Estaba a punto de decir algo cuando miró su túnica clerical marrón y dijo con una sonrisa de complicidad: —¿Acabas de venir de la iglesia de la Cosecha?

«¿Quién fue el que dijo que podía resistir la noche anterior?» Incapaz de mantener su actitud caballeresca, apretó los dientes y dijo: —Ese viejo, ese viejo…

Carajo, ¿cómo me deshago de esta sugerencia inductiva?

Antes de que pudiera responder, le dio una palmadita en el pecho y le dijo con la cara severa: —Llévame al paciente.

Hay una buena cena esperándome.

Mientras hablaba, olfateaba indistintamente, como si hubiera olido algo.

Recogió su abrigo y su sombrero sin decir una palabra más.

—Está bien, te llevaré allí ahora.

Después de cerrar la puerta y de dar unos pasos, le preguntó con cautela: —¿Tiene un certificado para practicar medicina?

«¿De qué otra manera se supone que debo convencer al abogado Jurgen para que le permita a la señora Doris tomar el medicamento?» Emlyn miró al cielo en un ángulo de cuarenta y cinco grados y dijo: —No necesito esos papeles para probar mis habilidades.

Antes de que Klein frunciera el ceño, añadió casualmente: —Es demasiado simple.

Lo obtuve fácilmente al pasar por el proceso.

«… Ese tono hace que parezca que está bastante orgulloso de haber recibido un certificado para practicar medicina…» Sonrió sin una palabra.

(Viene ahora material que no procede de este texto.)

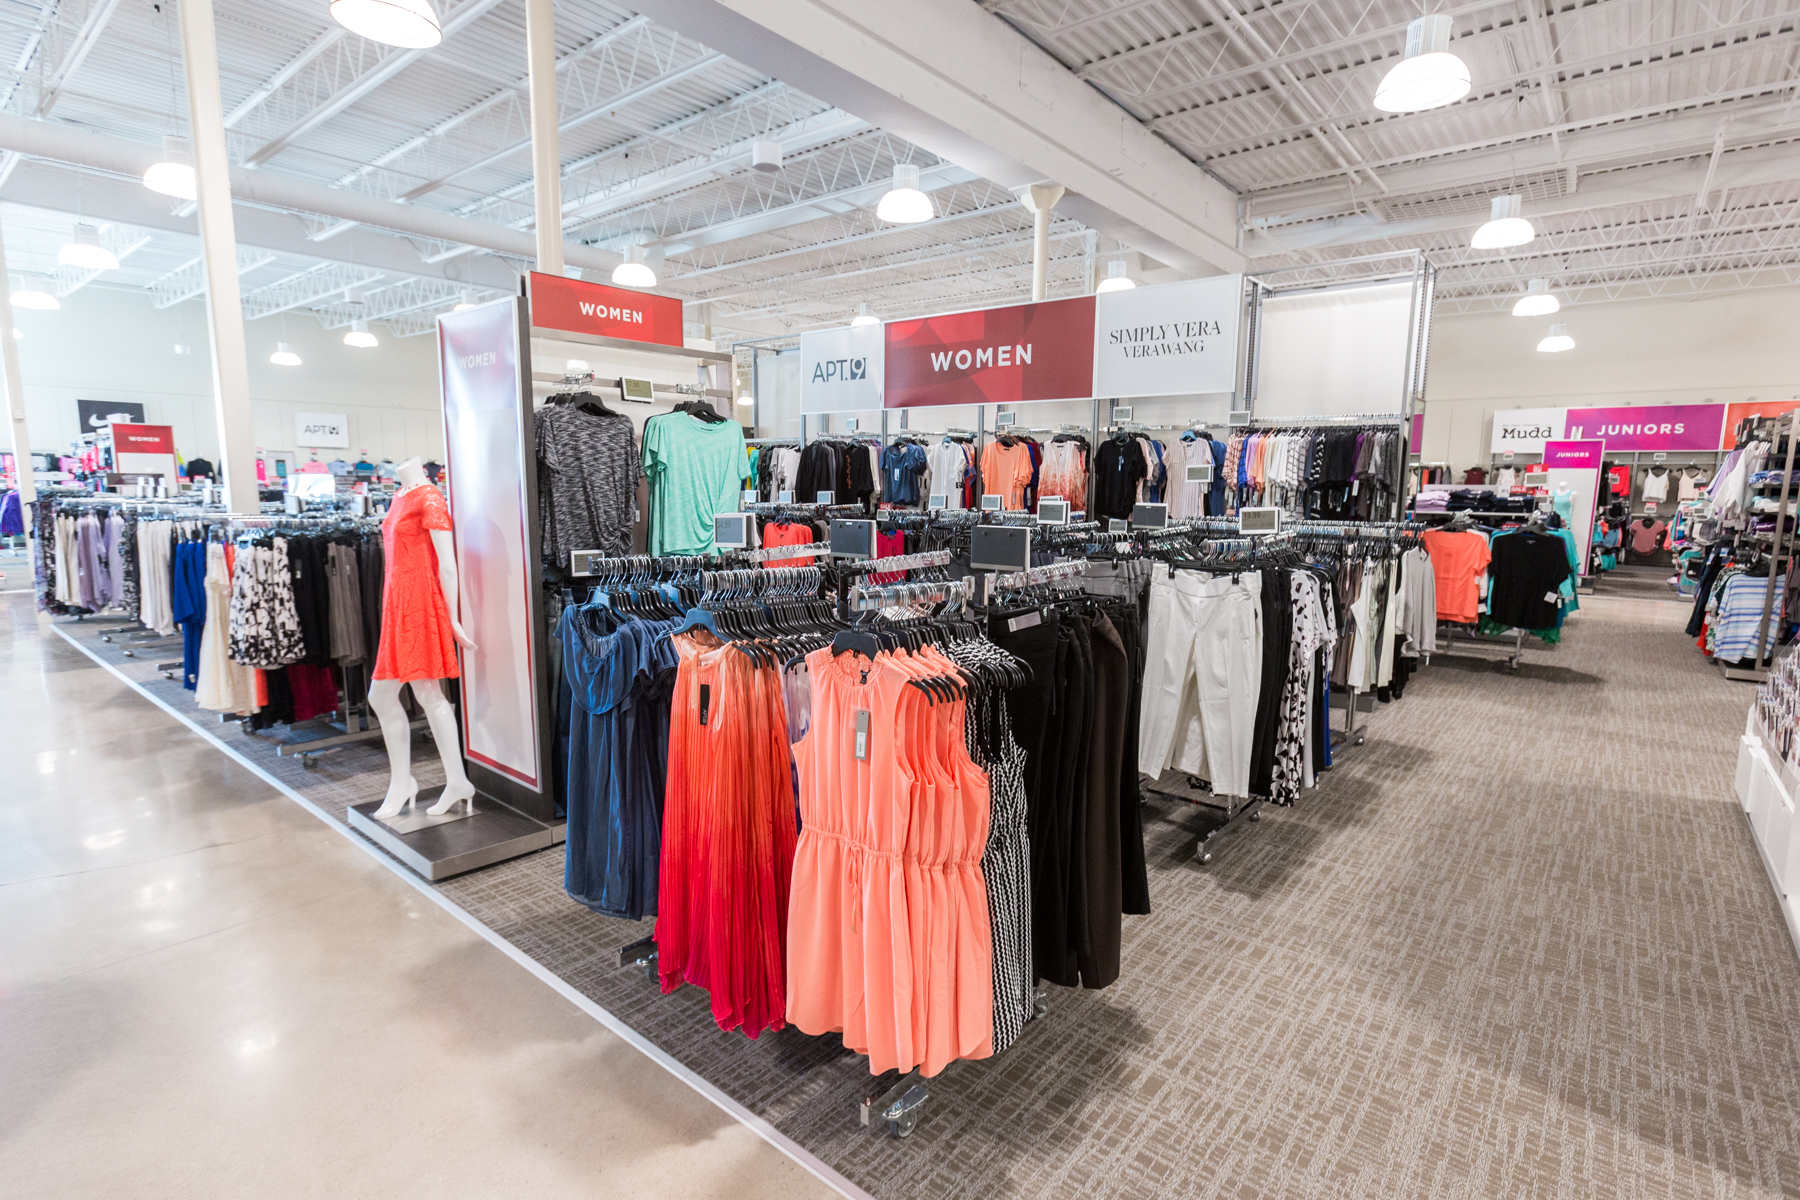 Kohl's is trying to make its stores a destination again post-pandemic

Al mirar el suelo mojado frente a él, Emlyn casualmente dijo: —¿Sabes lo que más me gusta de Backlund?

—¿Qué?

—respondió sin ninguna curiosidad.

Se rió entre dientes y dijo: —El cielo sombrío y persistente con niebla que borra el sol.

Eso me permite salir durante el día sin sentir demasiada incomodidad.

Es genial, excepto por el aire.

«En otras palabras, ¿el sol realmente causaría cierto daño a los vampiros?

Afortunadamente, pensé en eso ayer y no llevé el Broche Solar conmigo; de lo contrario, no podría comunicarme con Emlyn…» Pareció ganar entendimiento.

Mientras conversaban, ya habían llegado a las afueras del hogar de Jurgen, y fue a tocar el timbre.

Al cabo de un rato, la puerta se abrió y la señora Doris, que estaba vestida en casa, dijo con grata sorpresa: —Señor detective, ¿no lo esperaba?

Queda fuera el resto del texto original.